David Walker, RoSPA’s information manager and NWSF member

This blog was based on an article in RoSPA’s Staying Alive journal. Take a look at RoSPA’s Flickr account for more coasteering photographs (all owned by John Paul Eatock and Keirron Tastagh).

8 July, 2011

Don’t jump into the unknown!

It’s that time of year again – the weather is (sometimes!) beautifully warm, people are on holidays, and perhaps a touch too much alcohol may have been consumed. Inhibitions are lowered, and somebody decides to jump off a pier or a bridge.

I can see the attraction of tombstoning, being a bit of an adrenaline junkie.

However, there is a really simple message for people to keep in their minds: don’t jump into the unknown!

Look before you leap

Last week’s newspapers wrote about a man in his 20s who jumped 30 feet off Brighton Pier into just three feet of water. Unsurprisingly, he suffered serious head and spinal injuries – hopefully he will make a full recovery, but others have not been so lucky.

Sadly, it’s not difficult to find many stories of deaths and serious injuries caused by tombstoning in recent years.

Tombstoning offers a high-risk, high-impact experience but it can have severe and life-threatening consequences. Some of these reasons may seem obvious, but they’re worth emphasising – as the accident stats show!

Injuries and deaths as a result of tombstoning are a growing problem. Over the five year period 2004-2008 – 139 incidents required a rescue or emergency response and 12 of them ended in a fatality.

We looked at 41 of the most serious cases in more detail, and the stats may surprise you.

  • Most of those involved in the most serious cases were male (85%)
  • Teenagers were involved in just over half the cases (55%), followed by those in their 20s (25% with the remainder of incidents involving people aged over 30 years
  • All of the known alcohol-related incidents involved males aged over 40 (which accounted for three of the fatal incidents)
  • Of the non-fatal incidents, spinal and limb injuries (both at 20%) were most commonly reported.

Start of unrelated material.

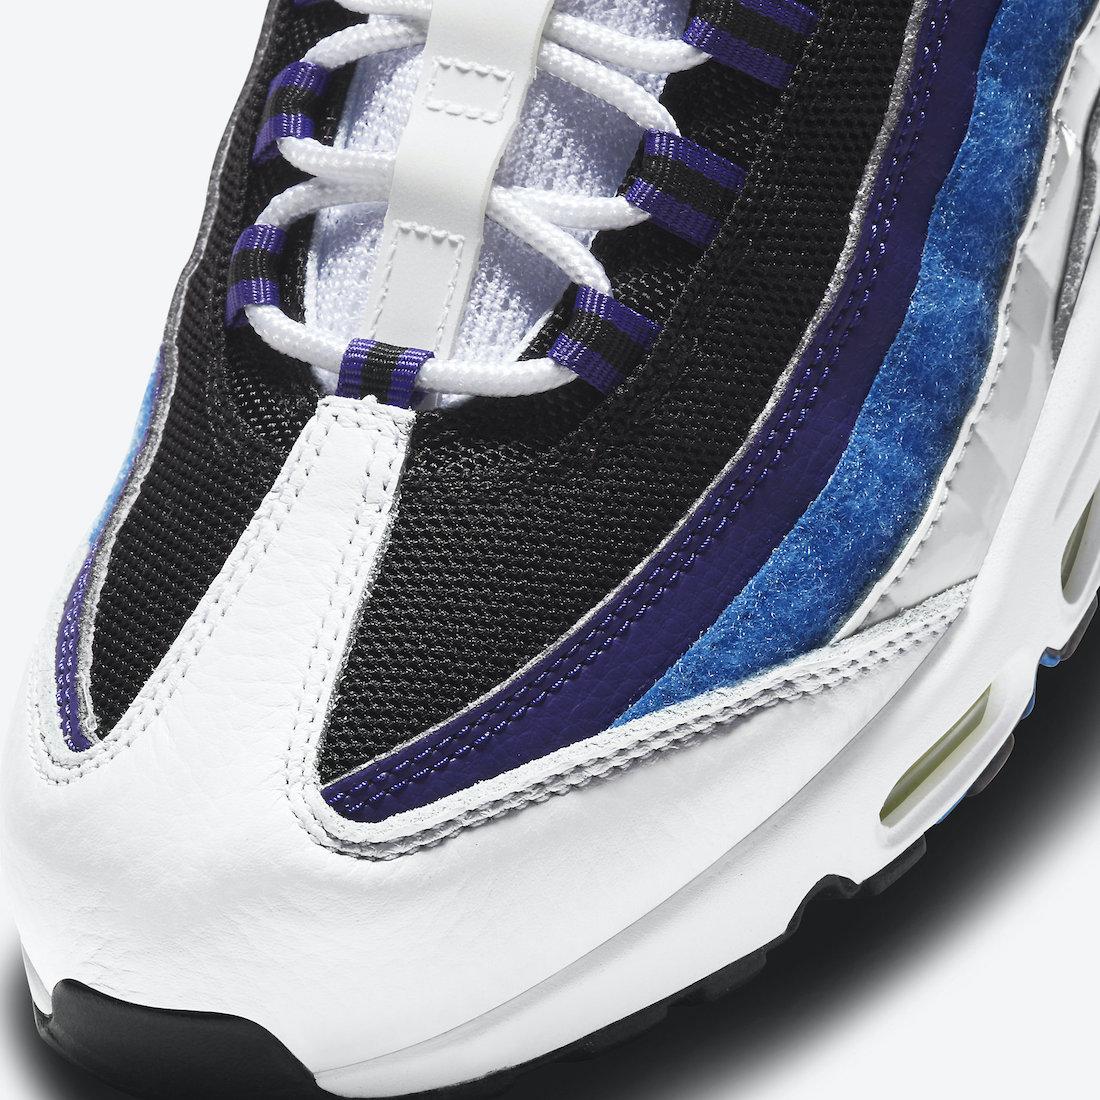 Nike-Air-Max-95-Kaomoji-DD9600-100-Release-Date-6
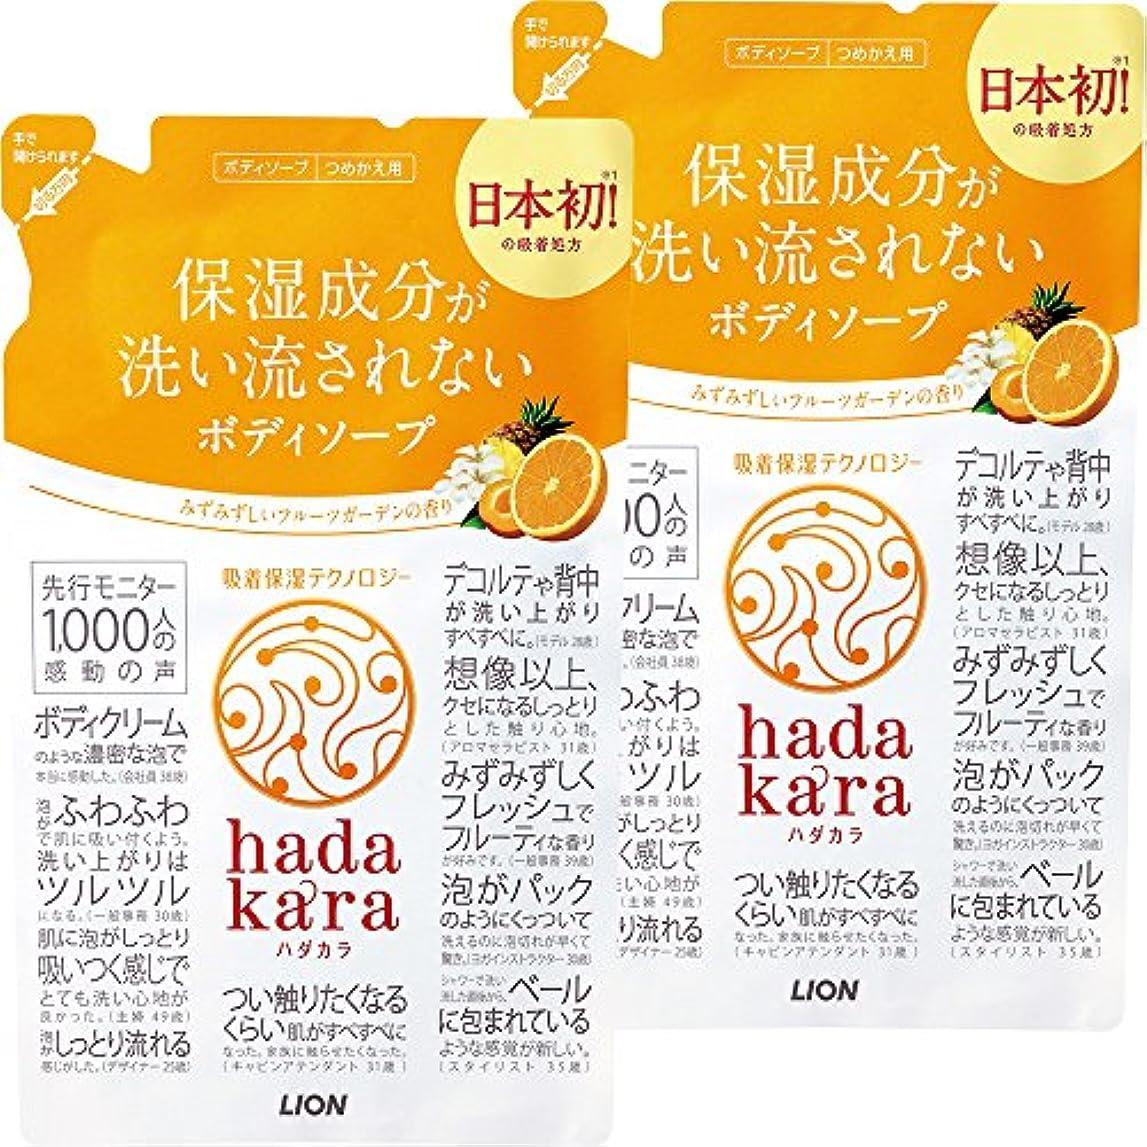 実装するうなずく手足【まとめ買い】hadakara(ハダカラ) ボディソープ フルーツガーデンの香り 詰め替え 360ml×2個パック

So, perhaps counter intuitively, it’s not just teenage boys who are the problem. And it’s not the teenagers who are putting their lives in danger after drinking – that is reserved for those who are old enough to know better.

Many of the non-fatal incidents have resulted in life-changing injuries and they required significant resources from the rescue services. As well as the costs to the authorities, these people are now going to require lifelong care from family and friends – it’s not just their own quality of life that has been reduced.

Young and older fathers were among the fatalities, along with at least three teenagers. The coastguard has produced a video clip highlighting the consequences.

So what’s RoSPA’s advice? You may be expecting me to wave my arms and say, “Don’t do it!” But this is the real world. People are going to do what they feel like doing – and most of the time, that’s fine. So all we are saying is that people should arm themselves with information, and know what they’re getting themselves into.

Taking a moment to think through what you’re about to do may save a lifetime of pain and regret – or it may simply save your life.

Don’t jump into the unknown. Consider the dangers before you take the plunge:

  • Check for hazards in the water. Rocks or other objects may be submerged and difficult to see
  • Check the depth of the water. Remember tides can rise and fall very quickly – as a rule of thumb, a jump of ten metres requires a water depth of at least five metres
  • Never jump while under the influence of alcohol or drugs
  • Check for access. Can you get out of the water once you’re in?
  • Consider the risks to yourself and others. Conditions can change rapidly – young people could be watching and may attempt to mimic the activity. And, if you jump when you feel unsafe or pressured, you probably won’t enjoy the experience.

Jumping in is the easy part; getting out of the water is often more difficult than people realise, and don’t forget that strong currents can rapidly sweep people away – even strong swimmers cannot swim against the tide.

The best way to learn about the risks involved and have a good experience is to try coasteering – a mix of scrambling, climbing, traversing and cliff jumping around the coast with a professional guide.